An ideal result of any new product is growth, be it for the brand or for the sales of that product. There is a risk though…
If a company already has a product in that market a consequence could be customers buying this new product instead of the original offering, customers may see this as an improved product or be using it as an unpredicted substitute for the other offering (Bendle et al. 2016).
Bendle et al. (2016) defines this as cannibalisation which results in the company not attaining as many new customers as they would of if cannibalisation hadn’t occurred. It is measured by dividing the sales lost from existing products by the sales of new products to give you a percentage of cannibalisation (Bendle et al. 2016).
This occurrence is less likely to happen in markets that are going through a growth stage due to the nature of the time of that market’s life cycle. Cannibalisation may also be customers simply moving to an upgraded or improved version of the product which is often ideal for a company (Bendle et al. 2016).

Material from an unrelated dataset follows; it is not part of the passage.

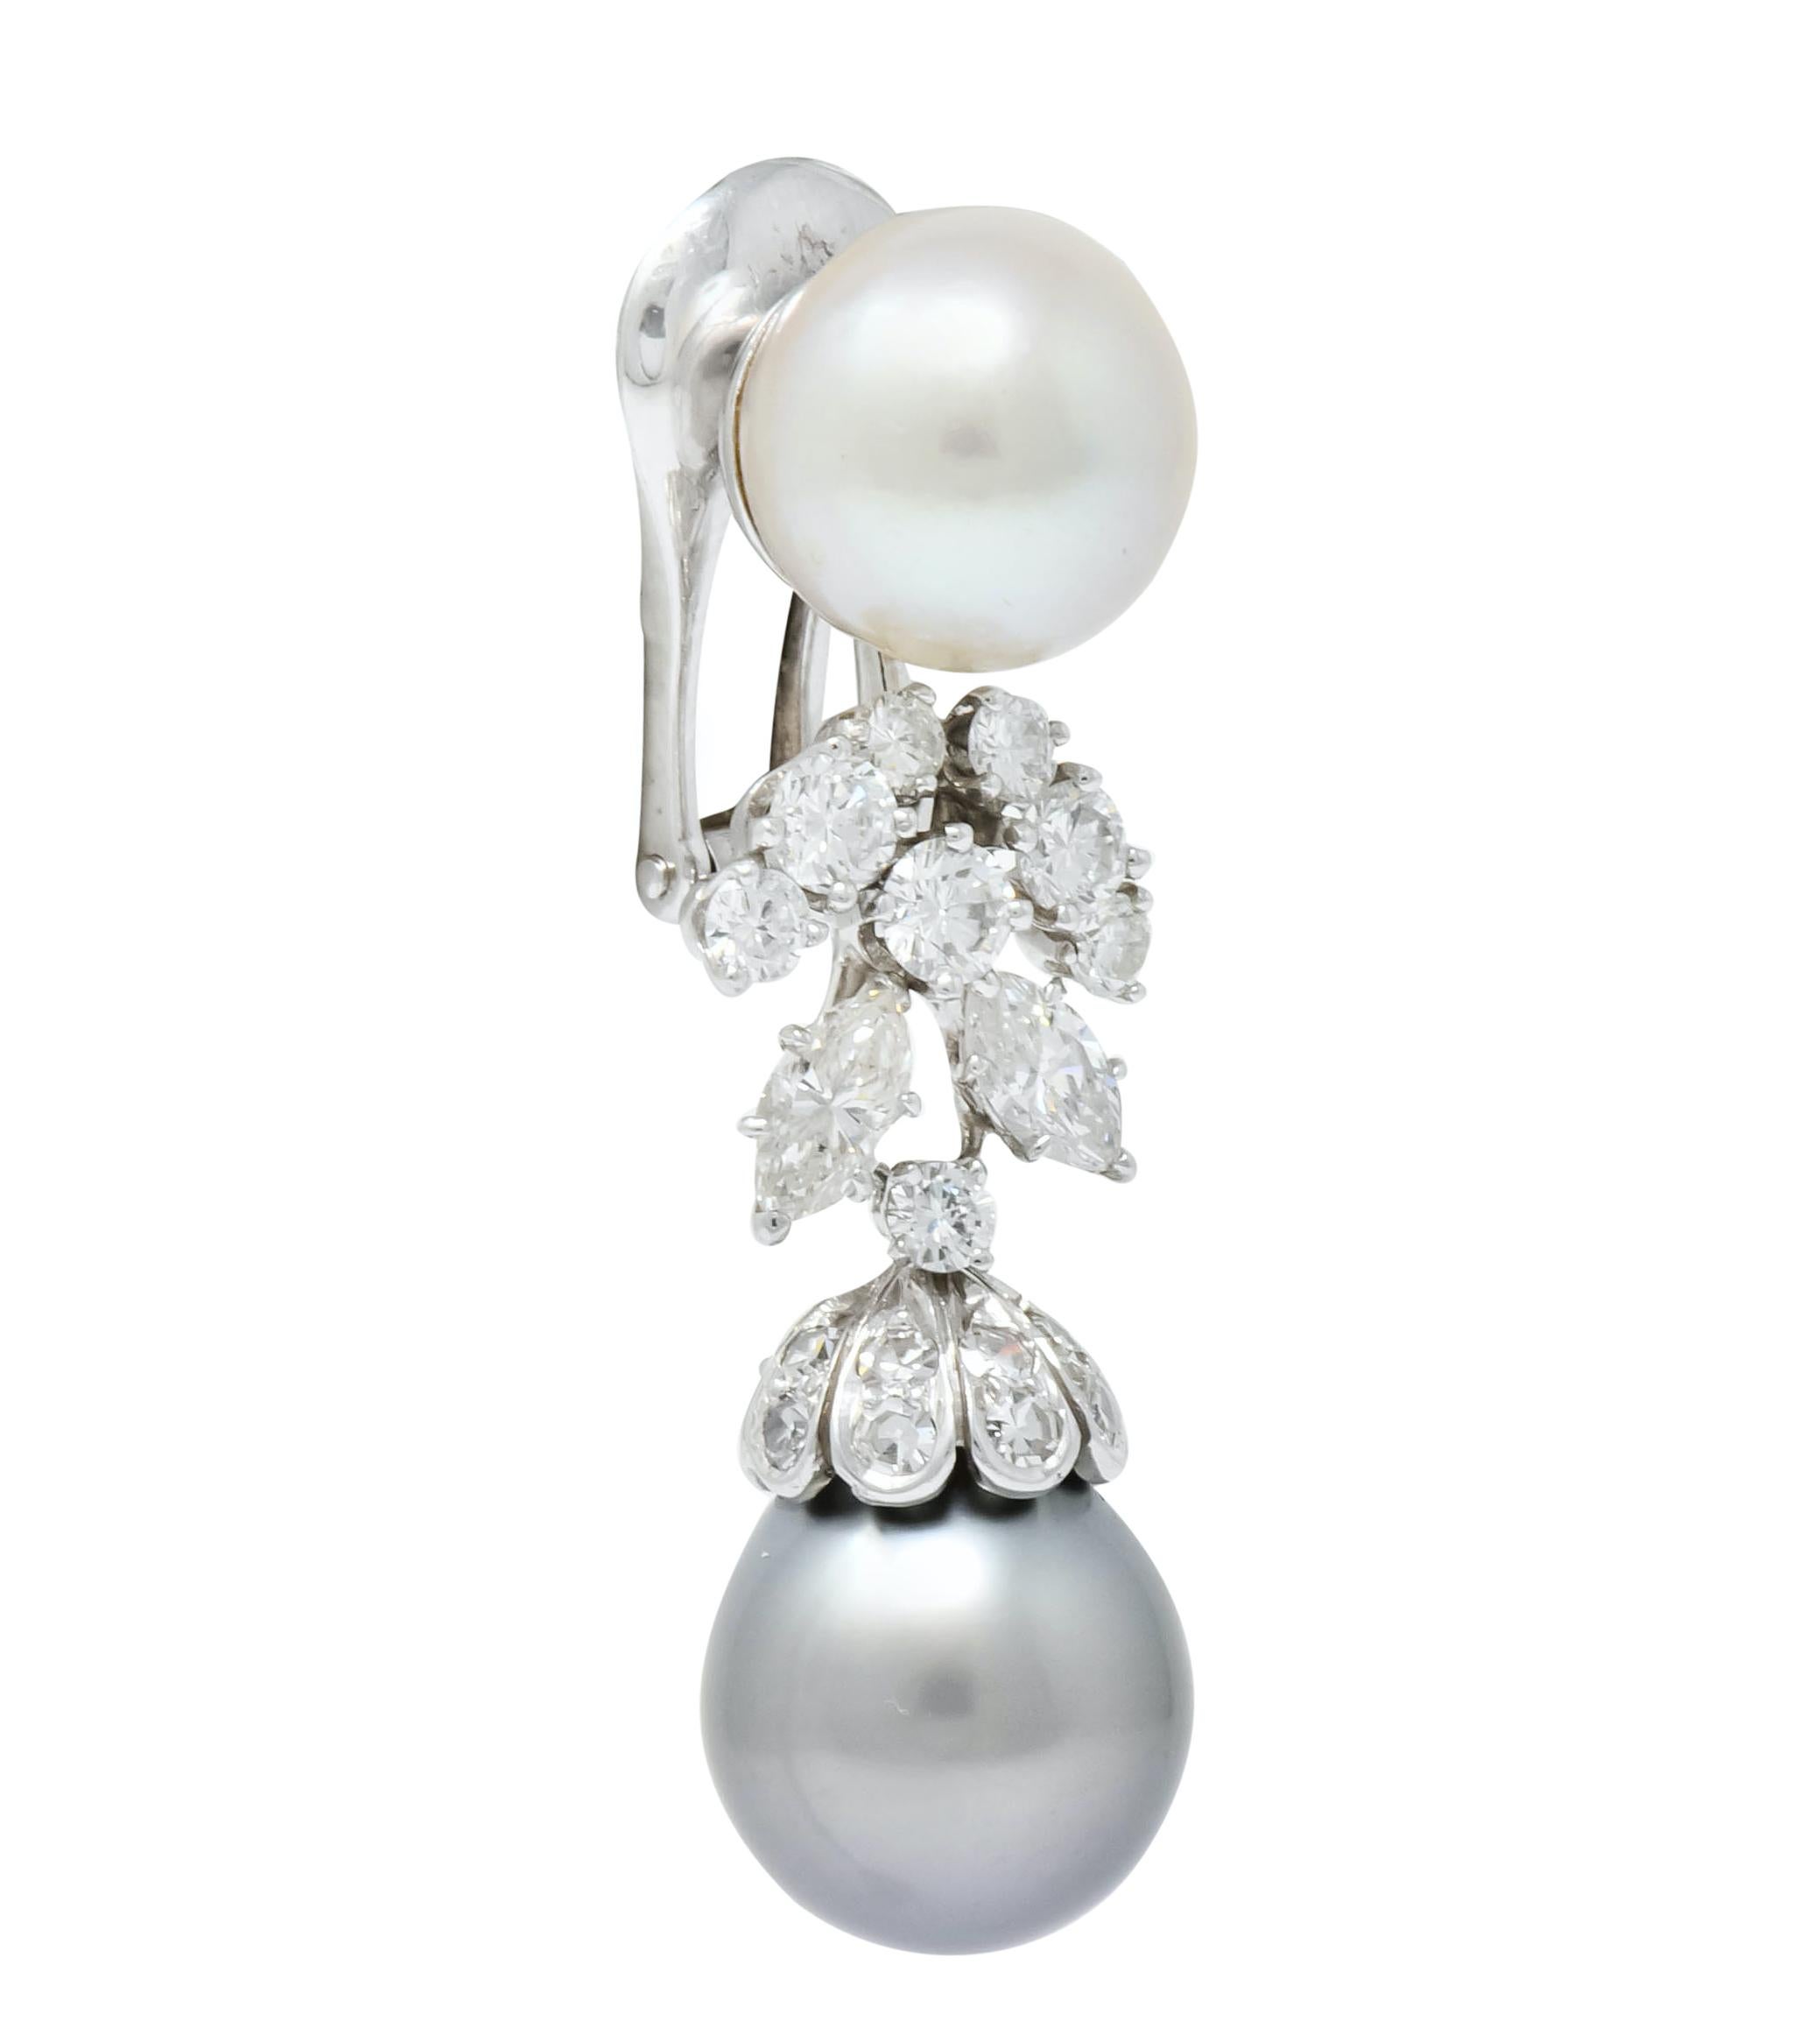 Centering a round cultured pearl surmount measuring approximately 10.3 mm, cream in body color with rosé overtones and excellent luster

With articulated drop featuring foliate motif and scalloped pearl cap set throughout with round brilliant cut,

The ideal alternative of cannibalisation is drawing in customers from competing firm’s offerings by meeting their needs more effectively or at a lower price point, this is far more likely in a differentiated market (Bendle et al. 2016).
References
Bendle, NT, PW Farris, PE Pfeifer & DJ Reibstein (2016) Marketing Metrics: The Manager’s Guide to Measuring Marketing Performance, 3rd edition. Pearson: New Jersey.